Son muchas las poblaciones donde hay alguna infeliz criatura humana, falta de razón, que sirve de solaz al inconsiderado vulgo, y particularmente á los muchachos, que la exasperan con su persecución. Durante muchos años ha sido en Bilbao objeto de esta persecución una pobre señora llamada Doña Petra de Urquijo, y la llamo pobre señora y no simplemente pobre mujer, porque procedía de acomodada familia, había recibido esmerada educación, y en medio de su locura, que era pacífica la mayor parte del tiempo, vestía con decencia y pulcritud extremadas. Decíase que la locura de Doña Petra había tenido origen en una contrariedad amorosa, en la de haberse opuesto su familia á que casara con un militar, Por esta circunstancia se explicaba generalmente la afición que Doña Potra tenía á los militares.
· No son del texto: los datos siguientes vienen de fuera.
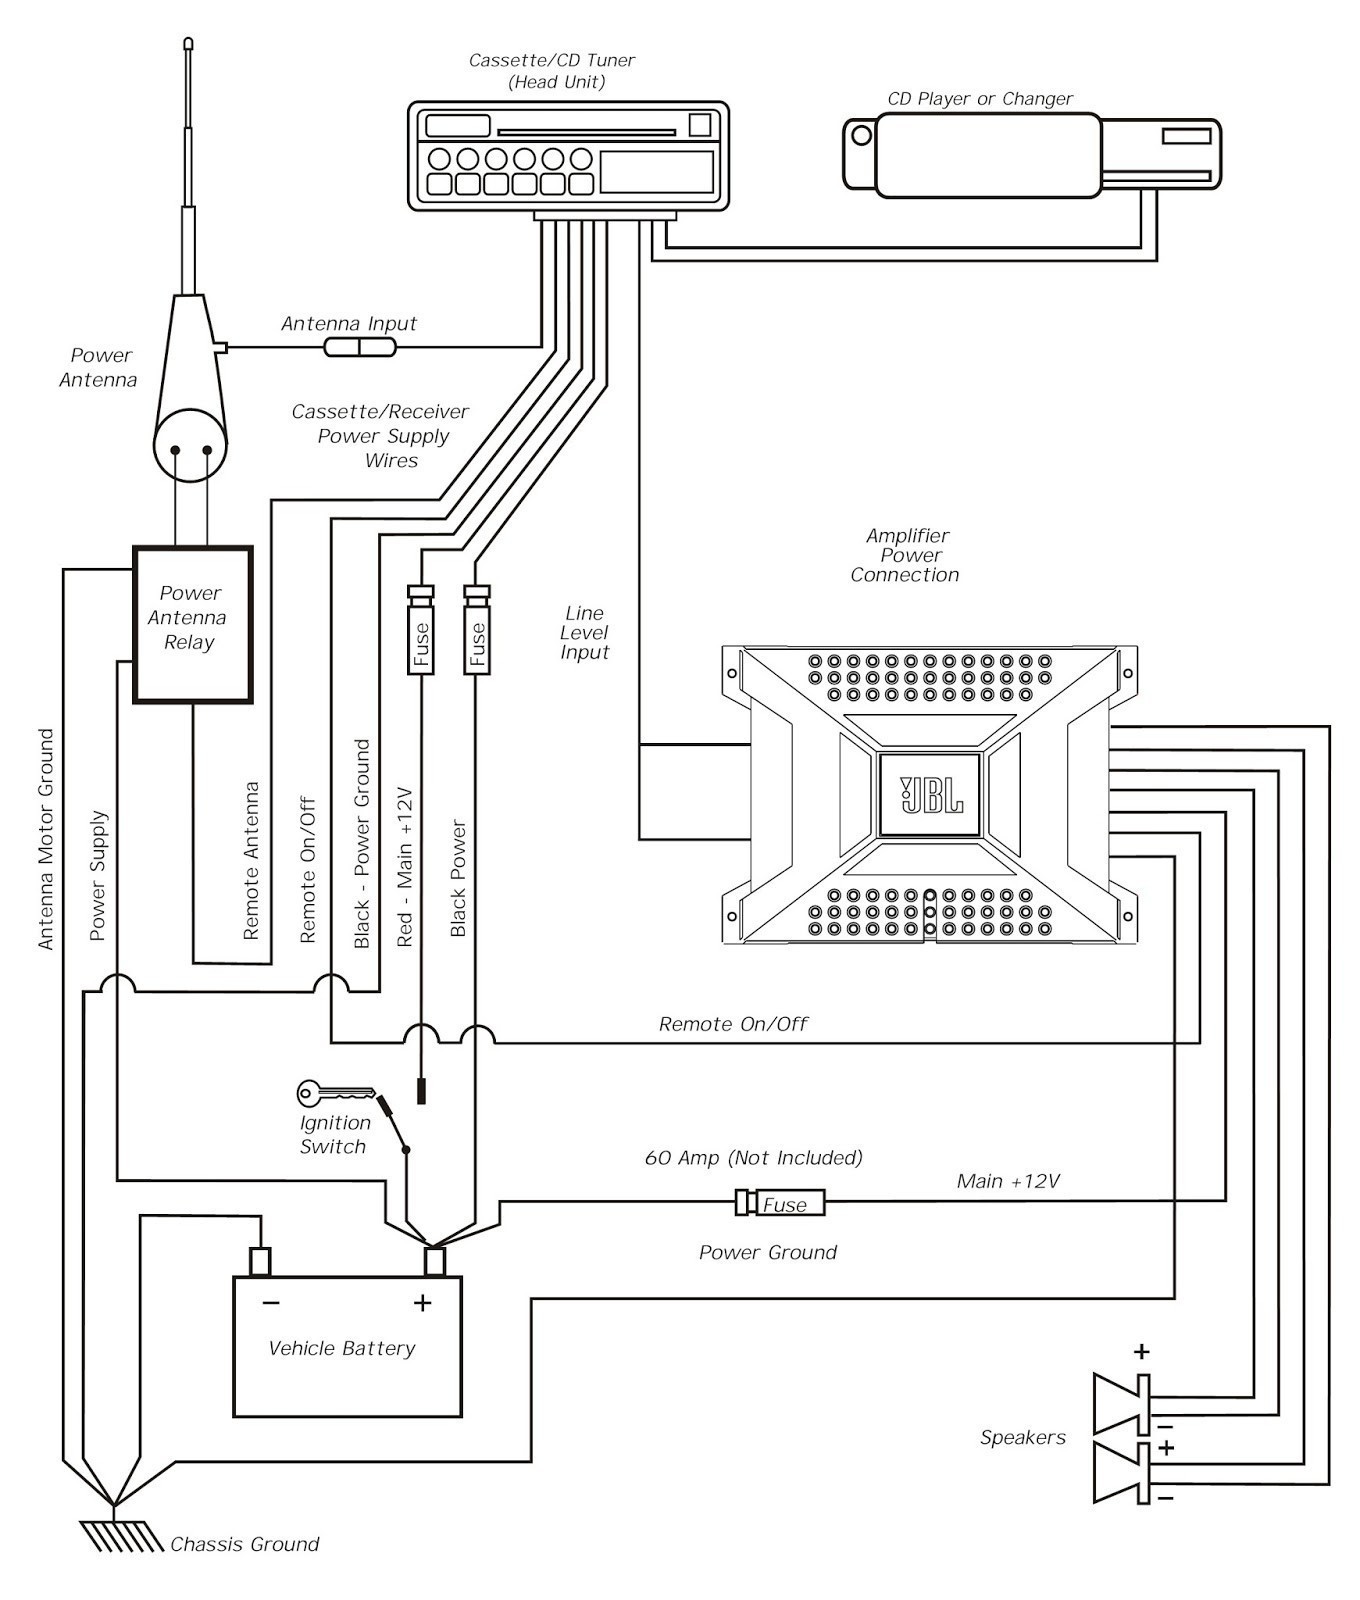 Guitar Speaker Wiring Diagram New Wiring Diagram for Ibanez Blazer Guitar Inspirationa Wiring Diagram

Esta afición era tal, que la infeliz señora se hacía cariñosa amiga de todos los oficiales de la guarnición, que la trataban con la benevolencia y los miramientos de que la hacían digna su desgracia y su educación, y hasta á los soldados rasos mostraba una especie de cariño maternal, que les significaba con prudentes consejos y hasta con finezas, que por regla general los soldados recibían y agradecían como si procediesen de su propia madre.
Yo no sé qué analogía encontré cuando leí el poemita de Jazmín entre la loca de Agen y la loca de Bilbao. Lo cierto es que desde entonces no pude ver á la última sin acordarme de la primora, y sentir compasión y respeto por su desgracia.
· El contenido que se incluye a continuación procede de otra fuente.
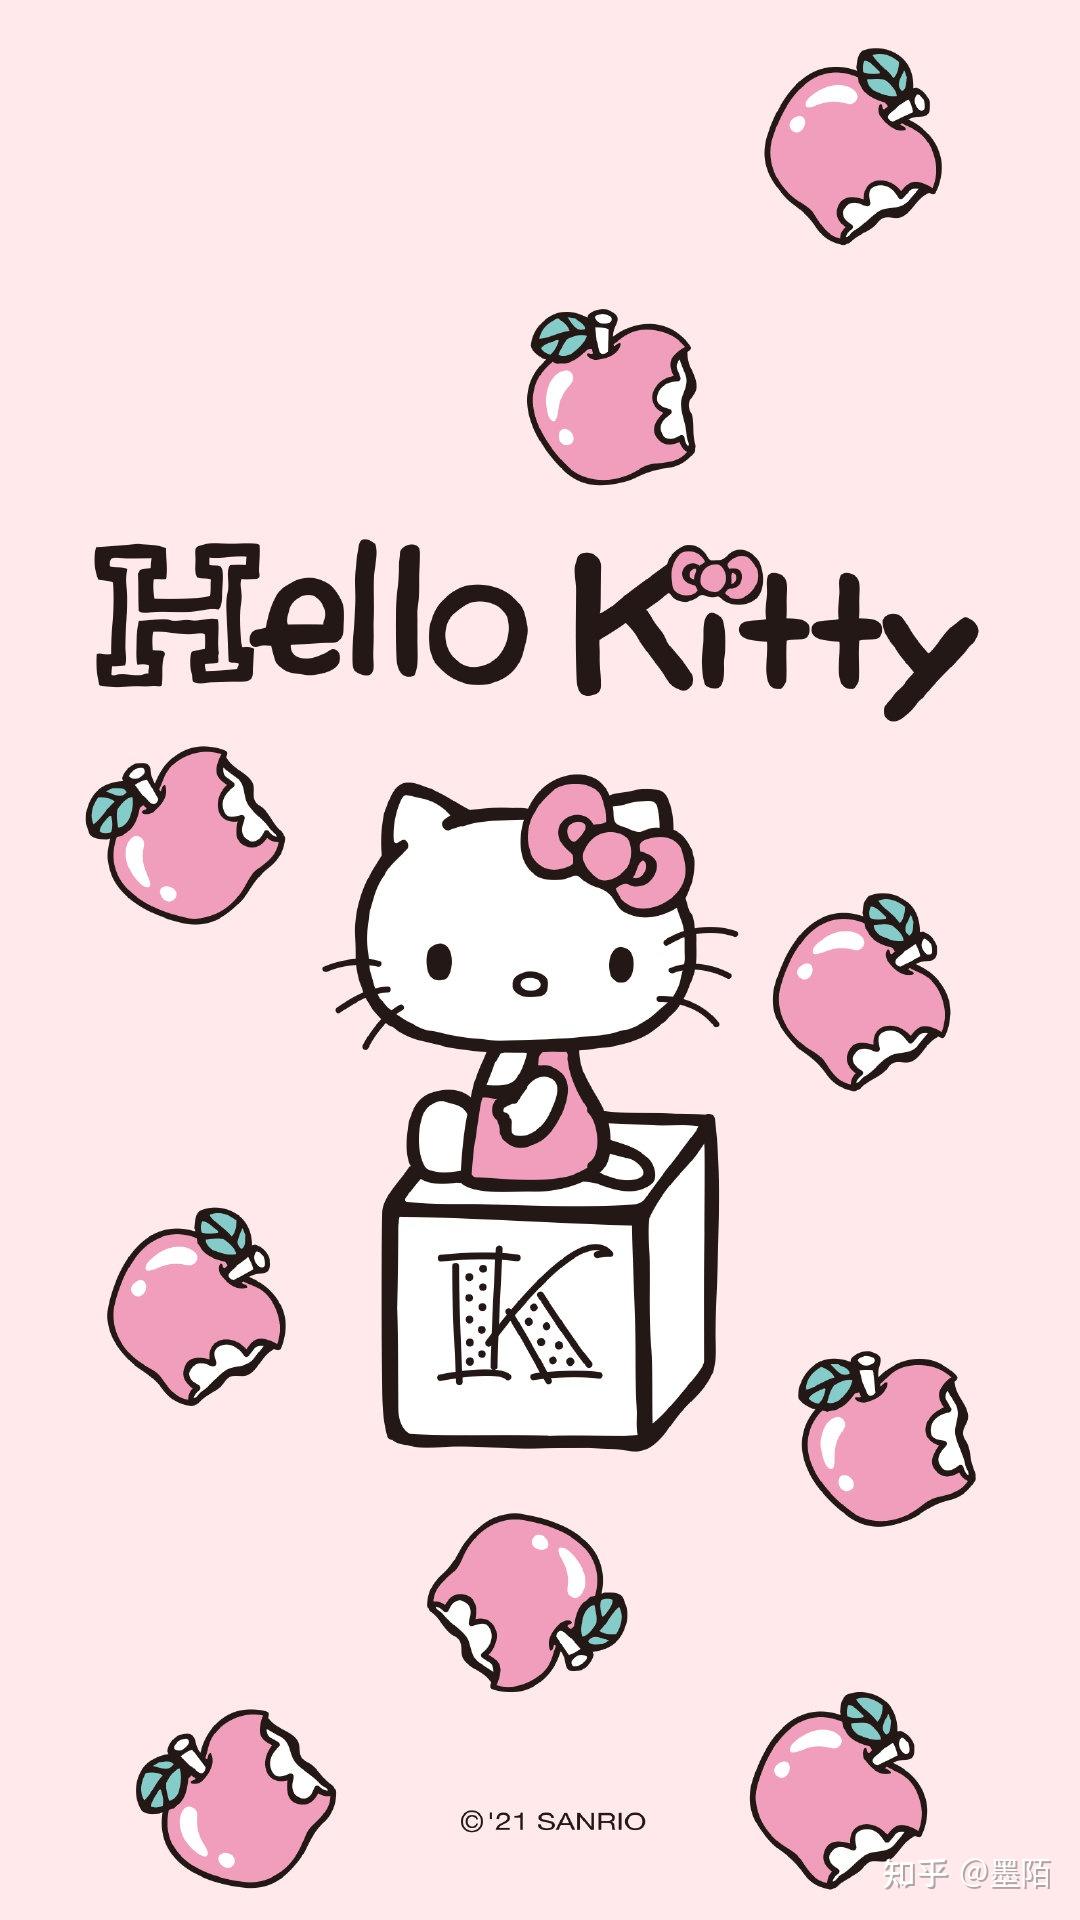 KT猫设计图__动漫人物_动漫动画_设计图库_昵图网nipic.com

Quizá esta analogía contribuyó á que me decidiera á verter á la lengua castellana el poemita de Jazmín y á publicarle en un periódico muy leído en Bilbao. Pocos días después de esta publicación encontré en la calle á Doña Petra, perseguida por una turba de muchachos y en ocasión en que soplaba el viento del Sur, que era cuando más se exacerbaba su locura.
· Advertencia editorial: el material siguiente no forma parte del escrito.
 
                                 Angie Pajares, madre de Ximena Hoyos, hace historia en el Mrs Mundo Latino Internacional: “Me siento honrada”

Nunca había hablado conmigo la pobre loca; pero entonces, al verme, dejó de prestar atención á sus perseguidores, y dirigiéndose á mí, me dijo en tono iracundo:
—Usted tiene la culpa de que estos judíos me persigan y se desvergüencen conmigo.
—¿Por qué, Doña Petra?—le pregunté.
—Porque me ha sacado usted á relucir en el periódico equivocando mi nombre y mi pueblo. Sepa usted que yo me llamo Petra, y no Marta, y soy de Bilbao, y no de Agen.
Así diciendo, se alejó de mí amenazándome con una sillita de tijera que solía llevar pendiente del brazo, y volvió á emprenderla con los muchachos que se divertían con ella.
Pasó algún tiempo, y volví á encontrarla en ocasión en que su locura era completamente pacífica, y atravesando la calle se dirigió á mí, y alargándome afectuosamente la mano, me dijo casi llorando:
—¡Gracias, D. Antonio! ¡Ya sé que contó usted la historia de la loca de Agen para que los muchachos dejaran en paz á la loca de Bilbao!
Vino la guerra civil, y yo me ausente con mi familia á Madrid. Al regresar á Bilbao, terminada la guerra, pregunté por Doña Petra, extrañando no verla en las iglesias ni en el corrillo donde forman tertulia los oficiales á la puerta del cuartel, y supe con gran sentimiento que durante el bombardeo de la villa le había dado muerte un casco de granada.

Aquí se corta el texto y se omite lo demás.